George VI died February 6th 1952
The coronation took place June 2nd 1953

When they finally got around to re-issuing the KR&O's as the QR&O's I don't know off hand. Safe to guess there was a delay however.


----------



## XHighlander (31 Jan 2005)

thank you for the information;

i just received my grandfather's service records from the archives and he was fined twice under this section in 1953 & 1954 when he was with the strathcona's


----------



## pbi (31 Jan 2005)

bob the piper said:
			
		

> Wouldn't they have been the QR&O's in 1954? As far as I remember, she was crowned in 1952. No?

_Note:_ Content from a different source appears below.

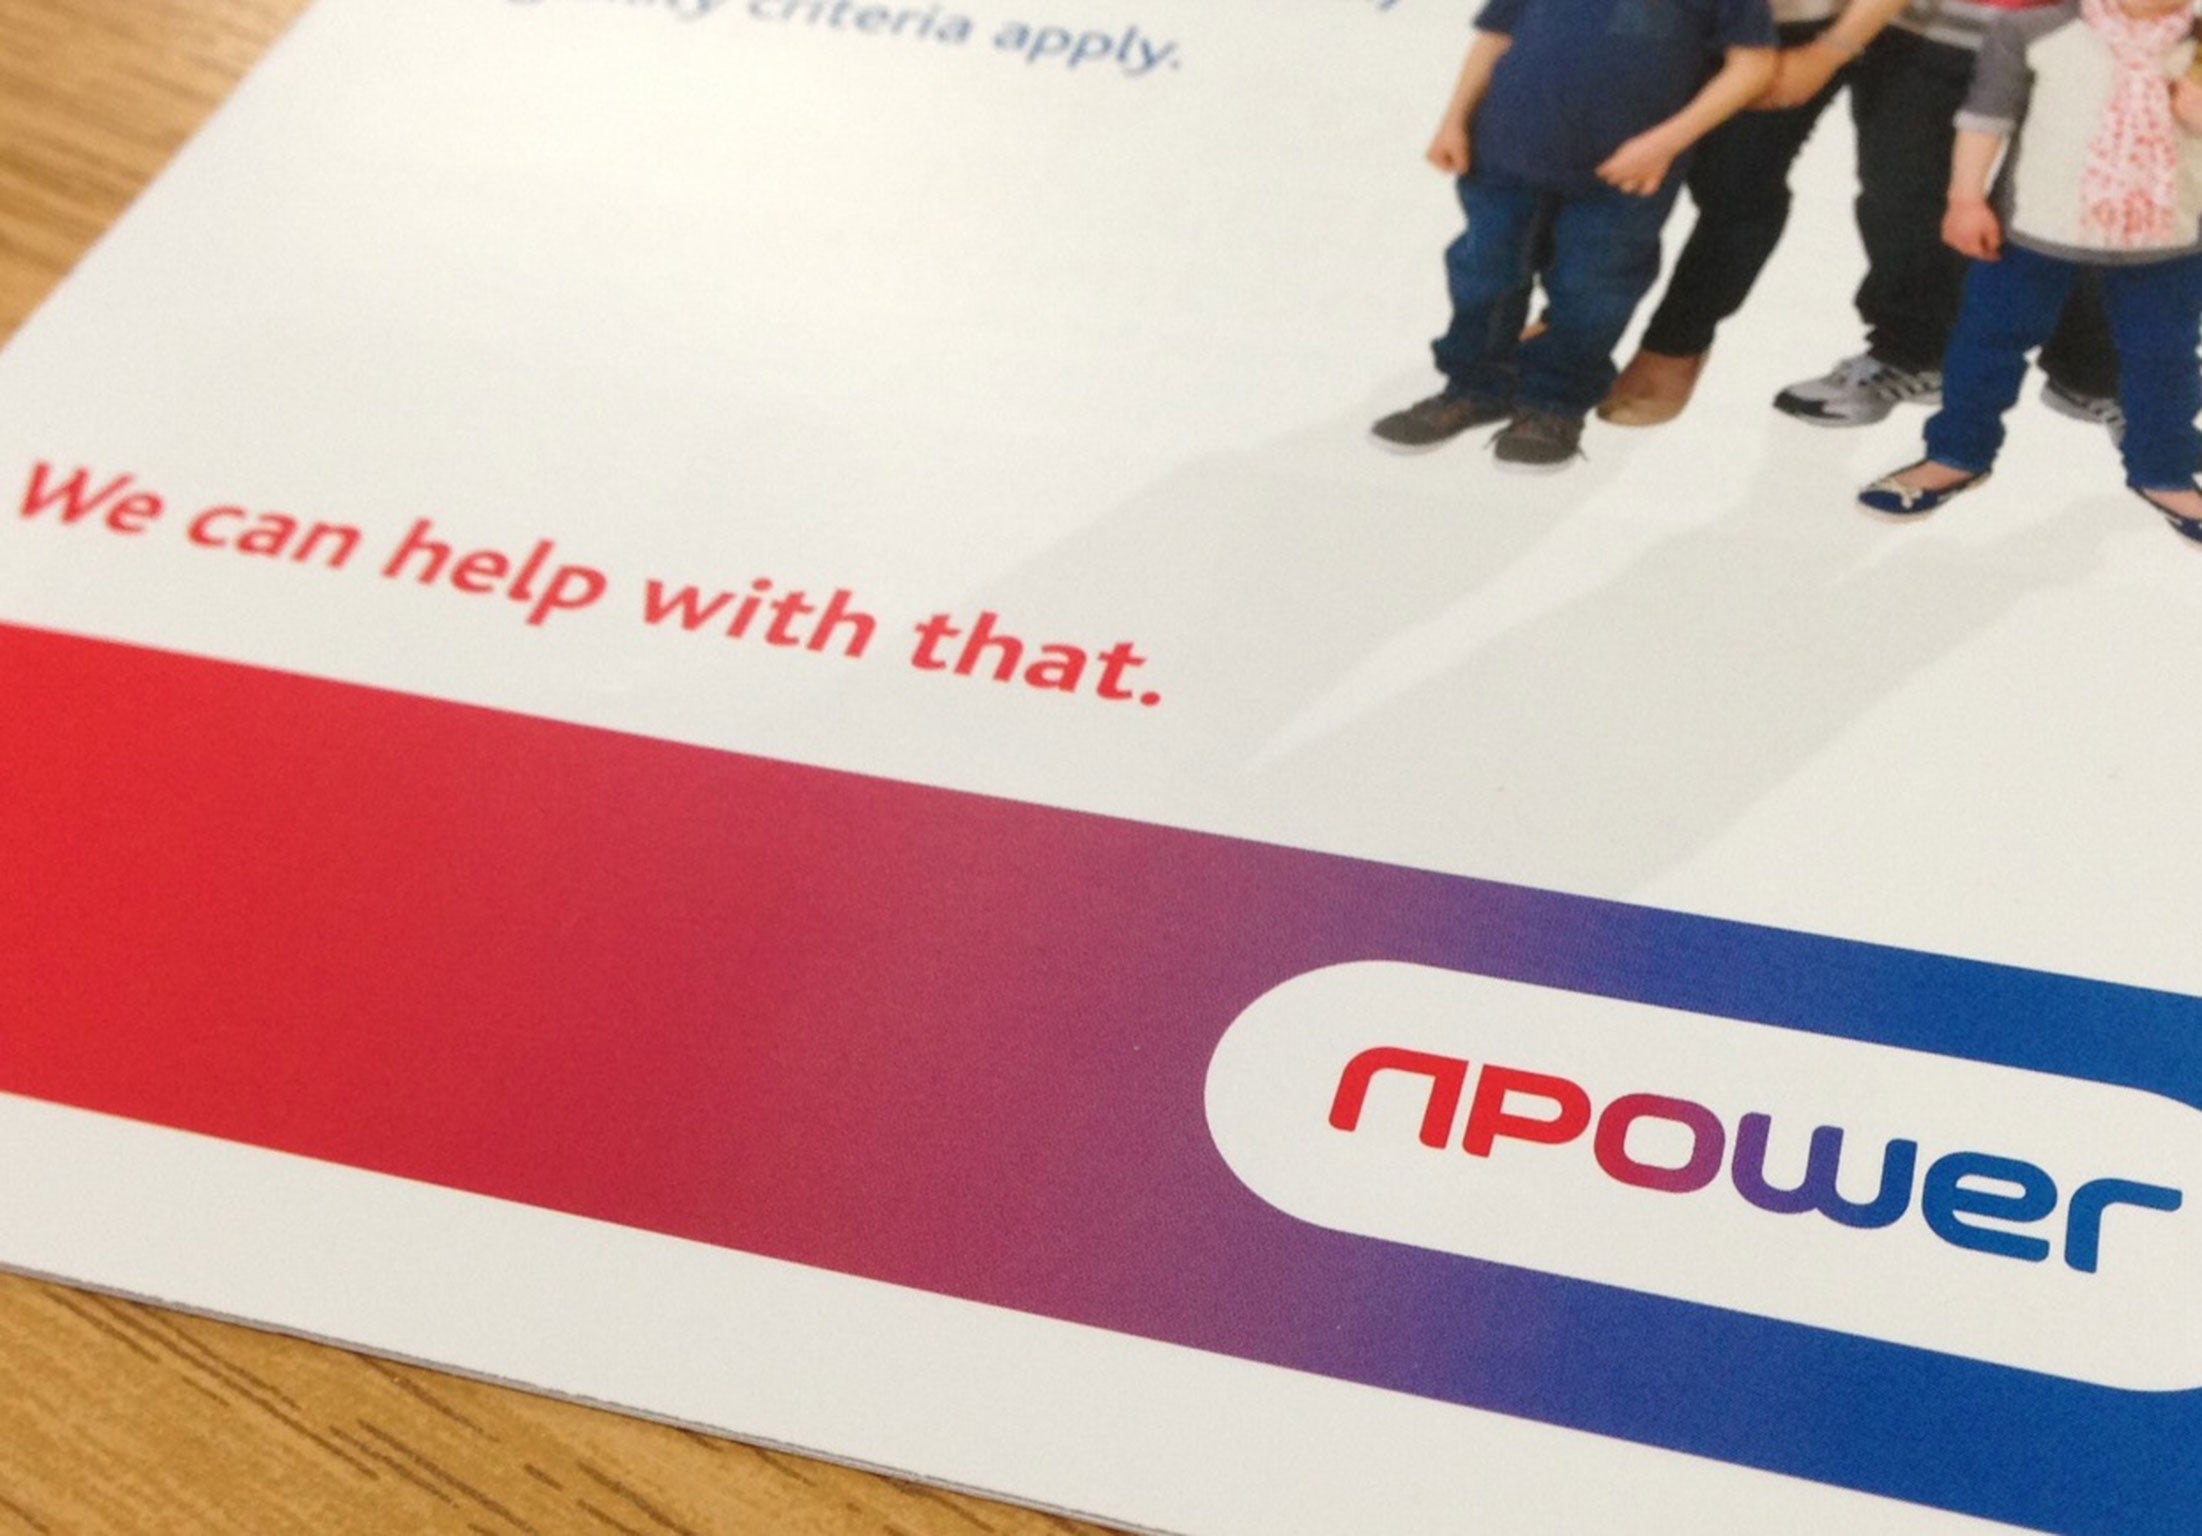 Energy supplier Npower is expected to announce 2,500 job cuts on Tuesday

_Doh!_ Right you are. I stand corrected! But, the part aboutr content stands.

Cheers


----------



## Fishbone Jones (31 Jan 2005)

Can't say to 1954, but I can attest that in '68, a section 118, was "conduct predjudice......


----------



## Love793 (1 Feb 2005)

recceguy said:
			
		

> Can't say to 1954, but I can attest that in '68, a section 118, was "conduct predjudice......



On a similiar note, I can attest that in 2004/5, a section 129 is "conduct/negligience prejudice..." ;D


----------



## George Wallace (1 Feb 2005)

I remember 119 as being the ole "Catch All" and then ten years ago it got a promotion to 129.

GW


----------